Others accused Helgheim of once again trying to create divisions among people, while newspaper Aftenposten editorialized that “fortunately, the Progress Party is not responsible for handling Corona outbreaks.” At the same time, police began cracking down on young Norwegians’ excessive partying that’s been among the biggest causes of infection in Norway.

A few weeks later, Helgheim lost his nomination Parliament to the more moderate Morten Wold in their party chapter in Buskerud. Party faithful pointed to county demographics more than immigrant issues, seizing a chance to replace the Drammen-based Helgheim with a new candidate from a more rural district of Buskerud. His famously anti-immigration party colleague Carl I Hagen was also dumped in Oslo but is hoping for an MP seat representing rural Oppland instead.

Progress Party leader Siv Jensen has had a hard time keeping her troops in line this autumn, while her party has also been sinking in public opinion polls. PHOTO: NRK screen grap

Meanwhile Progress’ leader in Oslo, Geir Ugland Jacobsen, is battling an effort to exclude him from the party altogether. Jacobsen is a high-profile nationalist who fiercely opposes immigration and asylum, has no concerns about the climate and compared the party’s own nomination of incumbent leader Siv Jensen to “North Korean politics,” since she has no opponent.

Now he’s accused of violating the party’s policies, undermining its leadership and harming its reputation. Jensen has the party’s board behind her when also accusing Jacobsen of putting forward his own political agenda instead of the party’s.

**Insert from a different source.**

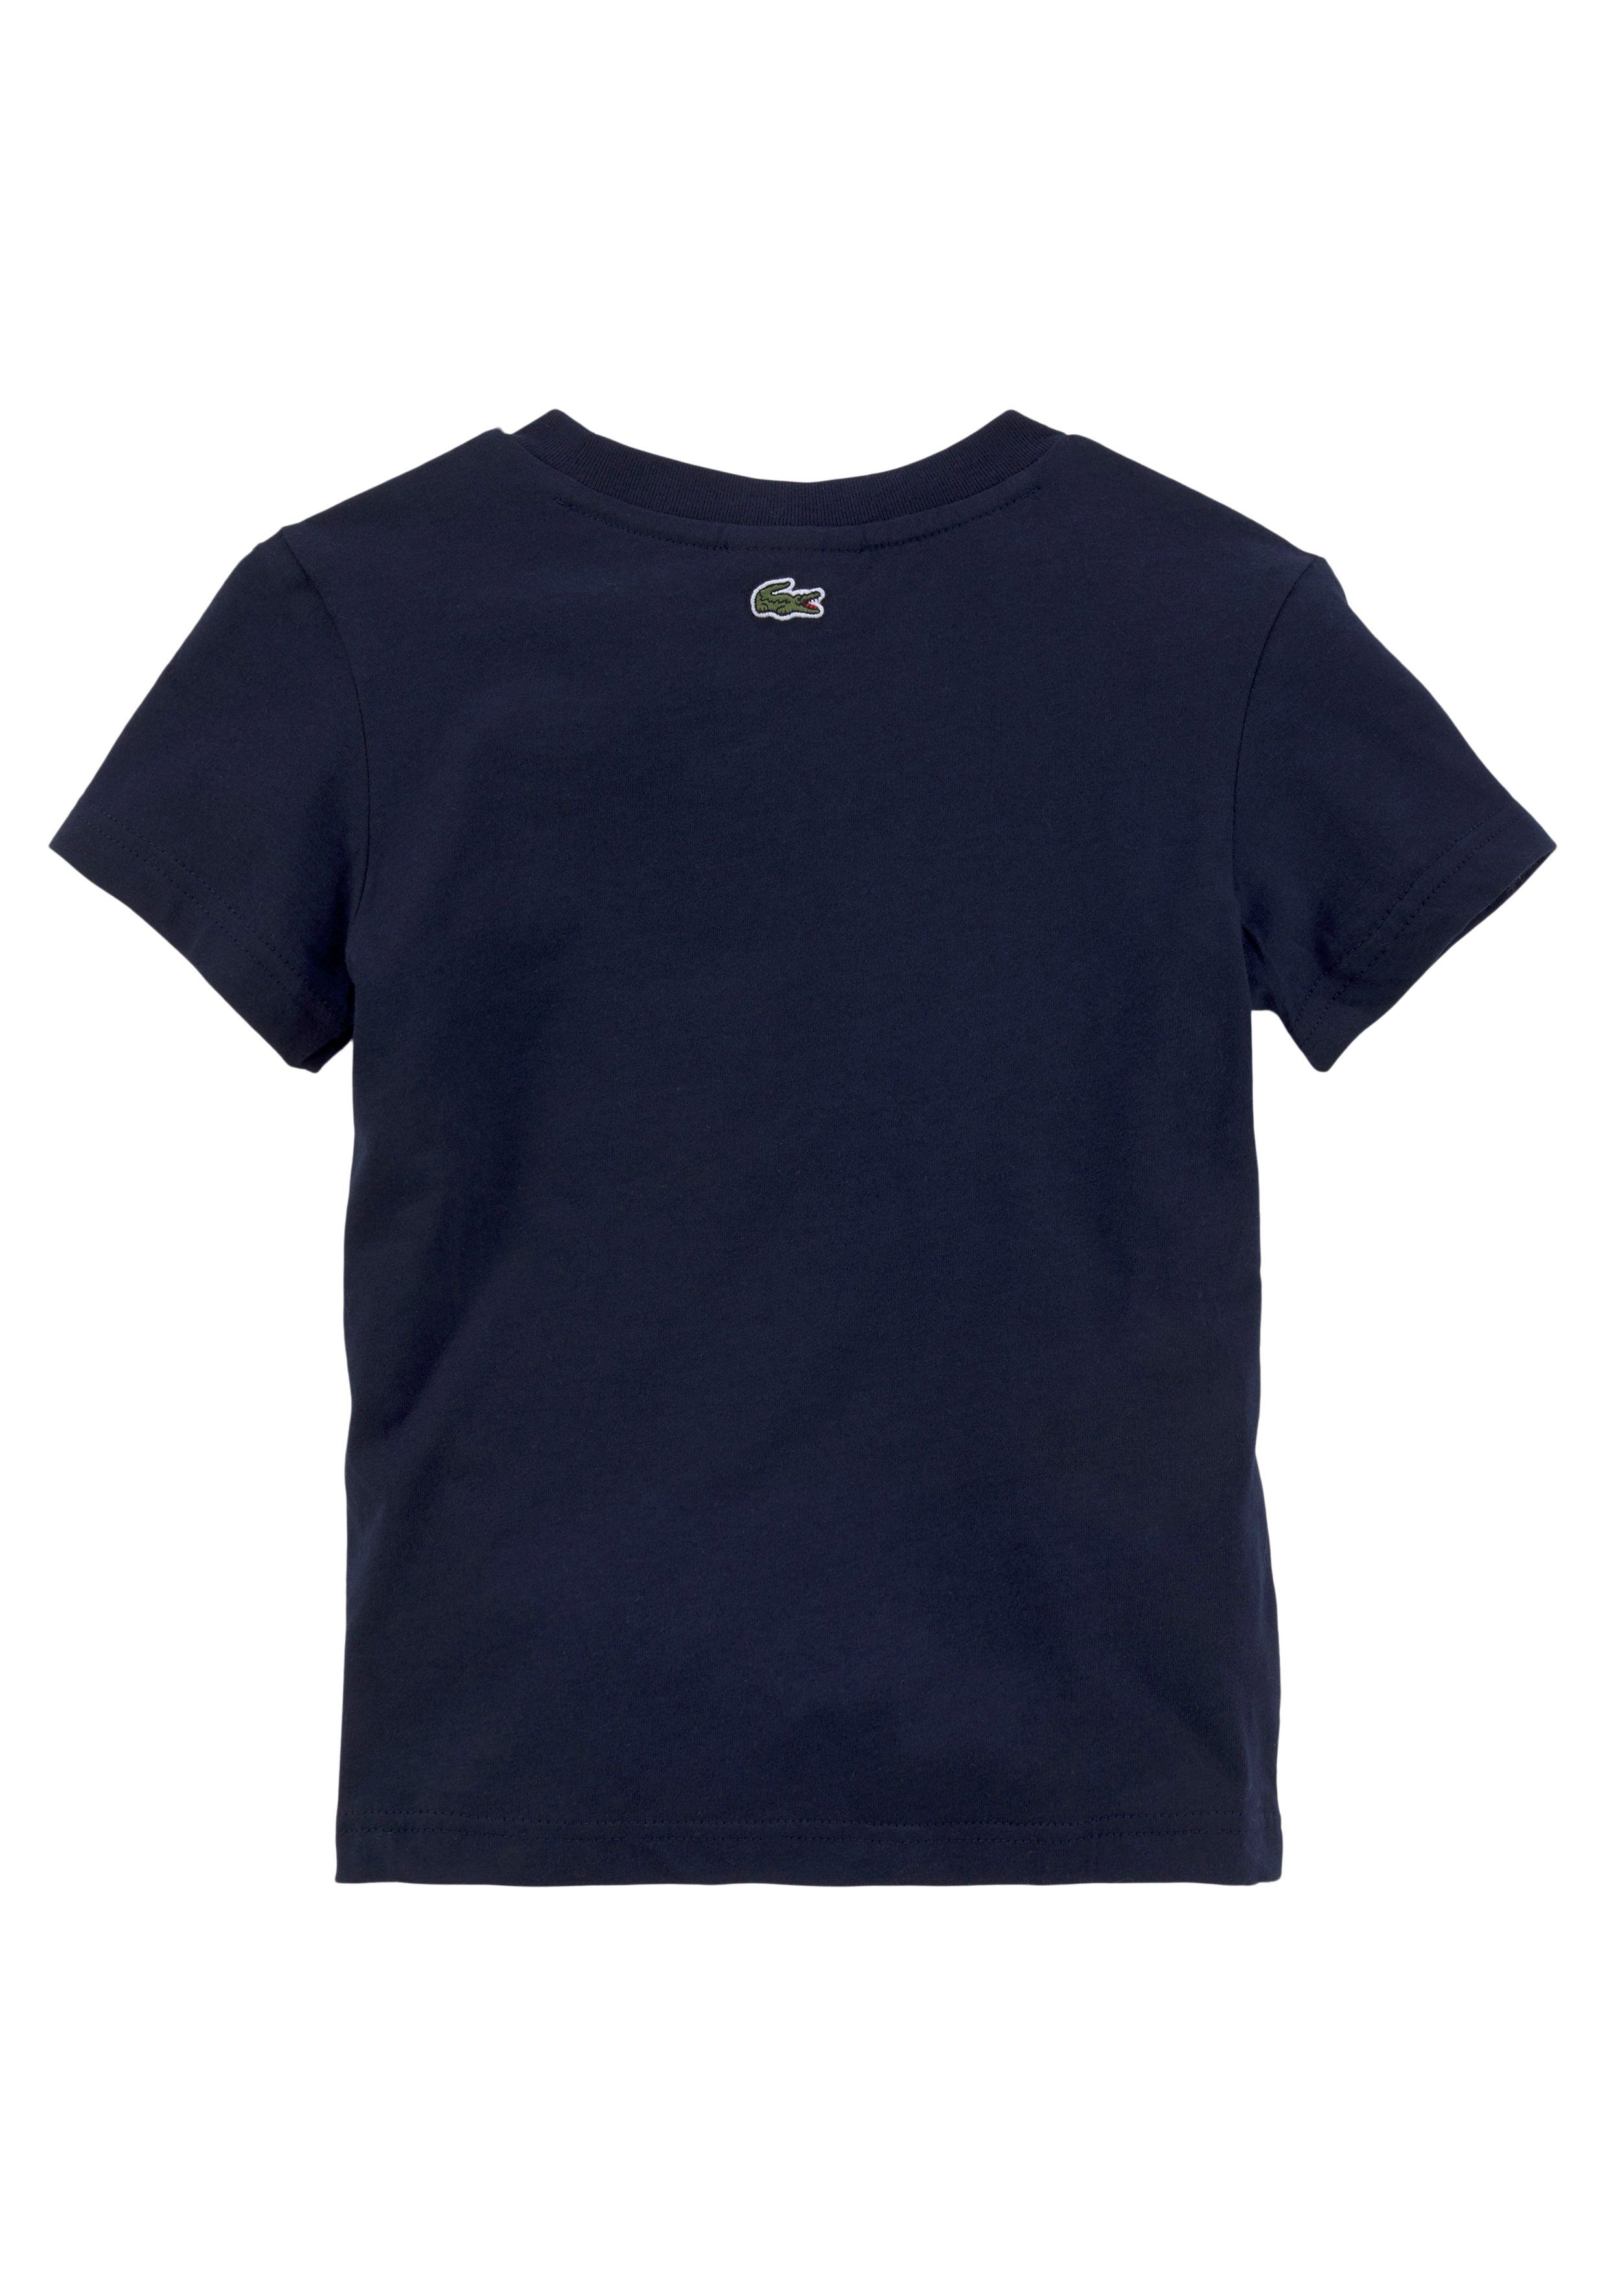 blue mit Lacoste Logodruck navy großem T-Shirt

Some political commentators in Norway have likened the recent rumblings in the Progress Party to a purge of its “lunatic fringe” members with right-wing extremist leanings. Other parties, meanwhile, have been dumping some of their high-profile, veteran members, too, at both ends of the political spectrum. The Christian Democrats’ Hans Fredrik Grøvan lost his candidacy to keep his seat in Parliament. Labour dumped veteran Jan Bøhler in Oslo, who ended up defecting to the Center Party. There were several upsets for the Conservatives in Finnmark, and newcomer Marius Nilsen beat out Progress’ health policy spokesperson Åshild Bruun-Gundersen, a former government minister, in Aust-Agder.

Election researcher Bernt Årdal suggests that nomination processes conducted digitally during the Corona crisis have more easily allowed the grass-roots to fend off peer pressure and vote against established candidates.

“When meetings have gone digital and you vote from a seat at your own kitchen table, it can make it easier to vote against the establishment,” Årdal told newspaper Aftenposten this week. Party members aren’t simply accepting the nominations committee’s choices, and are going their own way instead.